A comprehensive evaluation of high-sulfur petroleum coke in CO2 gasification to produce low-carbon syngas

This study investigates the potential of high-sulfur petroleum coke as a feedstock for CO₂ gasification to produce syngas, offering a novel pathway for CO₂ decarbonization and promote a circular economy in oil and gas industry. CO₂ gasification experiments were conducted under isothermal conditions using a thermogravimetric analyzer (TGA). K₂CO₃ was employed as a catalyst at varying loadings from 0–20 wt.%. The kinetic models, Shrinking Core Model (SCM) and Volume Reaction Model (VRM) were applied to describe the gasification reaction rate and the activation energy. Catalytic enhancement significantly improved the reactivity and lowering activation energy from 150.66 kJ/mol to 96.96 kJ/mol at a 5 wt.% catalyst loading.
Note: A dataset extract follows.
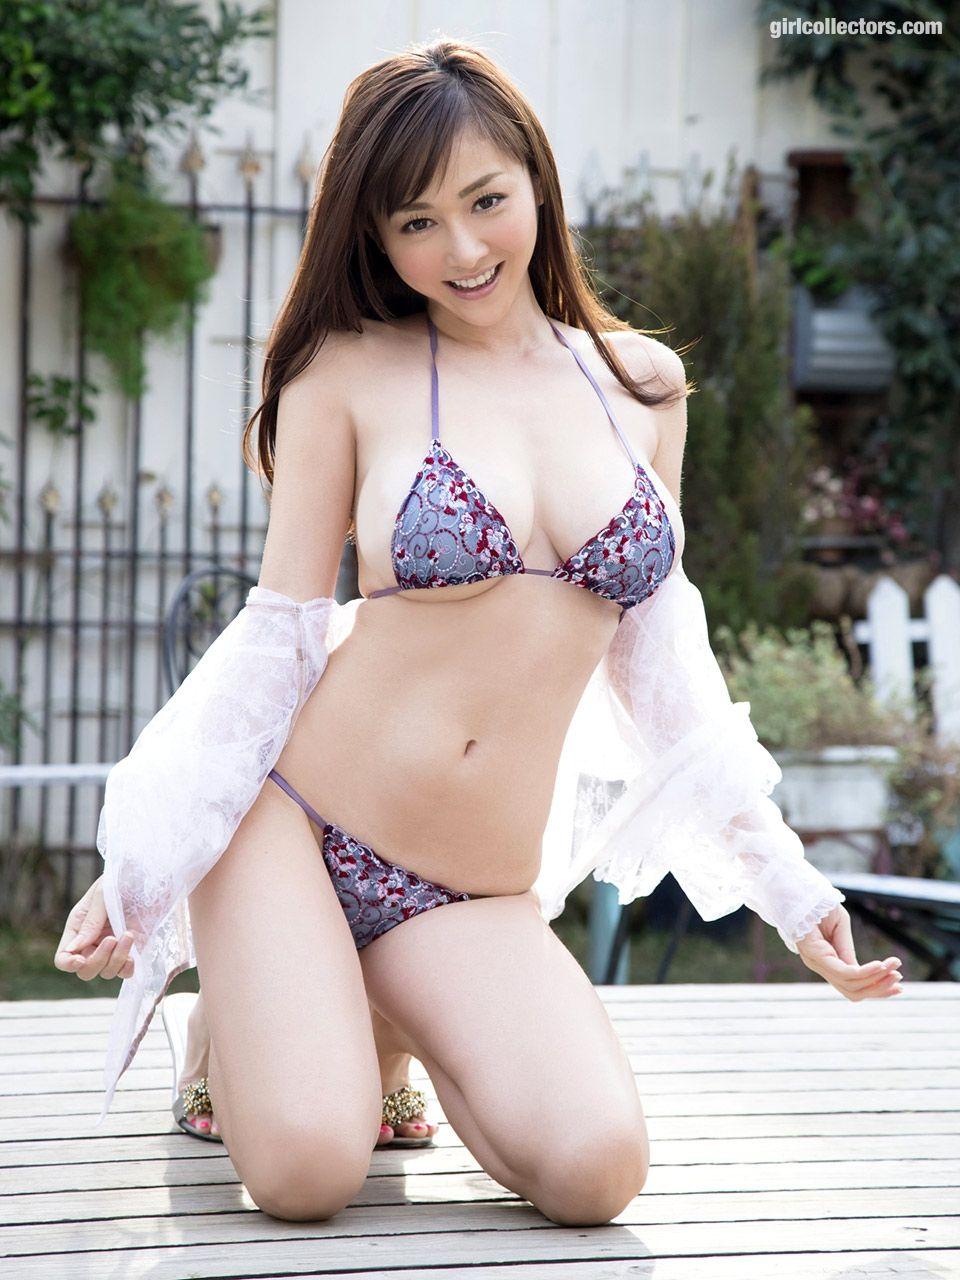 Snapchat Anri Sugihara nude photos 2019

Multi objective optimization via Response Surface Methodology (RSM) demonstrated high R² values > 93 % for petroleum coke conversion, CO yield and CO₂ composition. Under optimized conditions 62 % petroleum coke conversion and 42 mol% CO yield were achieved. The novelty of this work lies in its integrated approach to petroleum coke- CO₂ gasification by combining study on catalytic enhancement, kinetic modeling and statistical optimization. This contributes to the economic viability of a decarbonization pathway aligned with circular economic principles.